Treble hooks are special three-pointed hooks useful in live baiting. These hooks will attach themselves a lot easier to a fish’s mouth. When a fish strikes a live bait it may be so quick that it may miss a normal hook’s single point; not so with a treble. They are often found in plugs for these reasons. Some fishermen frown on using trebles because they claim they are less sporting. Well I guess you can see by me boat’s name that I don’t fall into that group.

Hopefully next time you walk into that fishing tackle aisle, you’ll be prepared to make a quick hook selection for you fishing plans.


----------



## Joeseminole18 (Feb 26, 2003)

Thank you sir, I knew when I hear, "you've got mail" and it was a reply to my thread, it had to be you.


----------



## Kozlow (Oct 25, 2002)

Just wanna help you out of your no fish zone .

Reposted a good shrimp rigging link at the top of my reply.


----------



## Joeseminole18 (Feb 26, 2003)

Great minds think alike, because I just got done looking at that very website....


----------



## Redsgurl (Nov 3, 2003)

Cool......... The article was very informative..... Thanks...... I have a question though.. Have the reg's changed? I know at one point, it was illegal for us to fish a treble with live bait..... 

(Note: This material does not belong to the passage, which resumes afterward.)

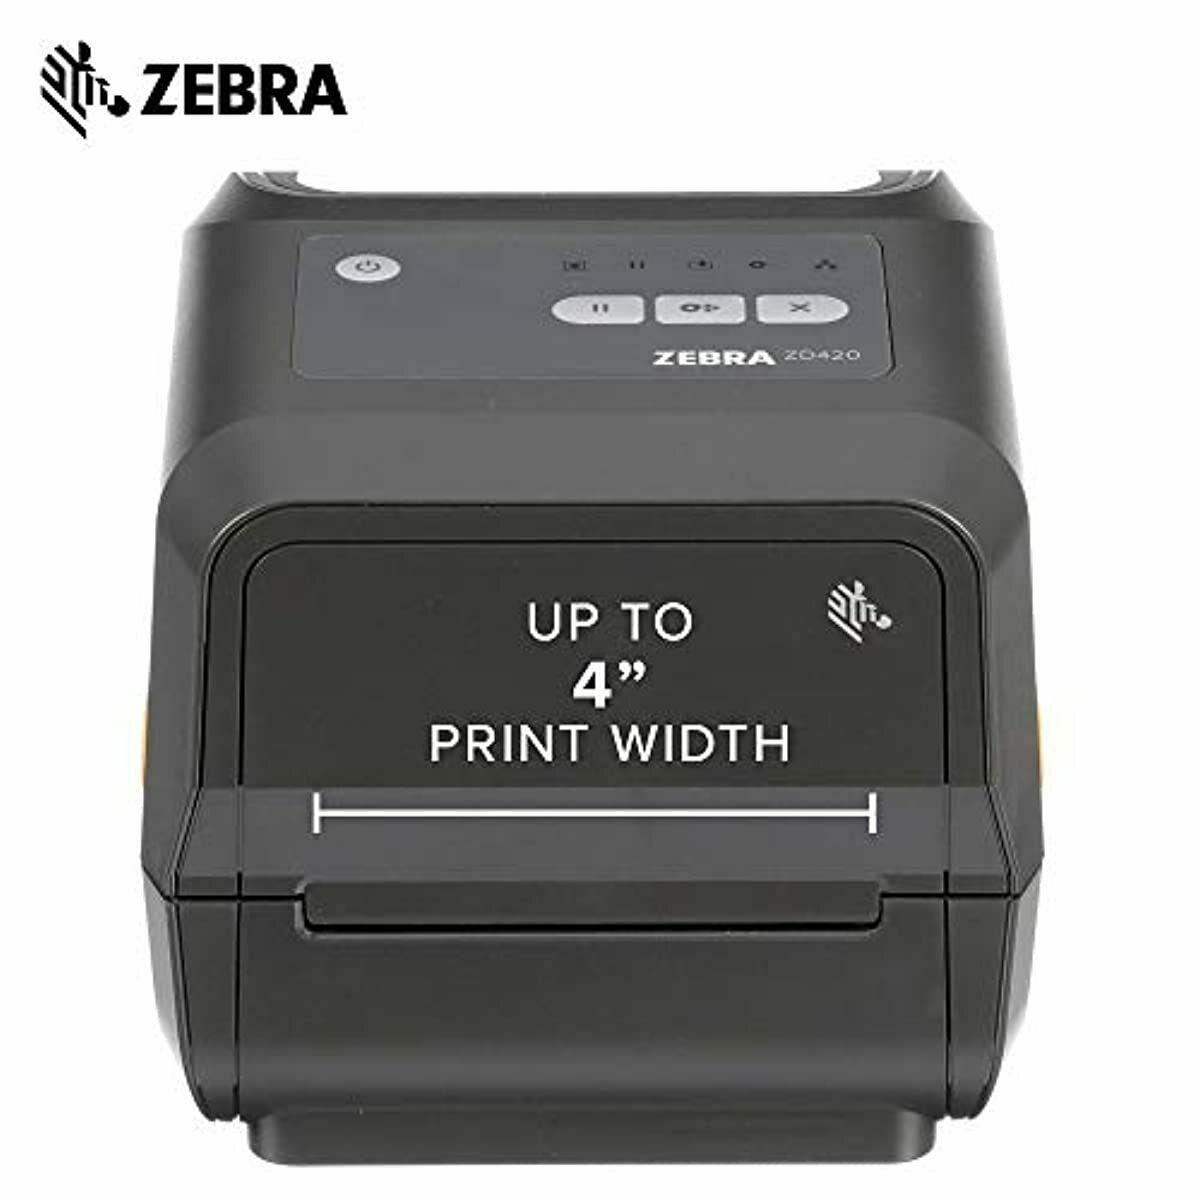 Zebra Zd420t Thermal Transfer Desktop Printer 203 Dpi Print Width 4 In Usb Zd420 Printers 3787

Just got off of the phone with FWC, concerning the treble hook issue. Maybe in Isla., you can use a treble hook with live bait, but in Brevard, the only time you can use a treble hook is when fishing with artificials. This includes no trebles when fishing with dead bait. Just a lil head's up. I'd hate for a good day of fishing to be spoiled by the guy in the green truck writing ya up. If you have any further questions, they can be reached at 321-383-2740.


----------



## wtf.over (Oct 7, 2003)

That's good info to know about trebles and non-artificial bait. On a related note, I've been wondering about replacing treble hooks with some of those double hooks I've seen. I hate it when I use a lure that has two trebles on it and the treble that the fish didn't get hooked on causes a lot of damage to the fish. I've pretty much given up on using any lure that has more than one treble for that reason.


----------



## Redsgurl (Nov 3, 2003)

I'm not much of an artificial user, and haven't noticed the double hooks. I do have a couple of Devil Horse's I need to re-do though. I'll look for those instead of the treble. good idea.
Suz


----------



## jiaoyi (Aug 19, 2010)

very useful


Kozlow said:


> Courtesy of
> Waldo "Double Treble" Tejera. Islamorada Sport Fishing Online contributing writer.
> 
> Shrimp Rigging
> ...


----------



## Jigmaster (Apr 3, 2006)

*Shrimp*

Lg/Jumbo selects hook just above the tail.

Small/med shrimp hook through the horn AVOID the dark spot he will die.

Use the smallest hook possible on live Bait i like a J Hook.

If they die and you peel them i pref Circles.

Small shrimp 1/0 larger 2/0


----------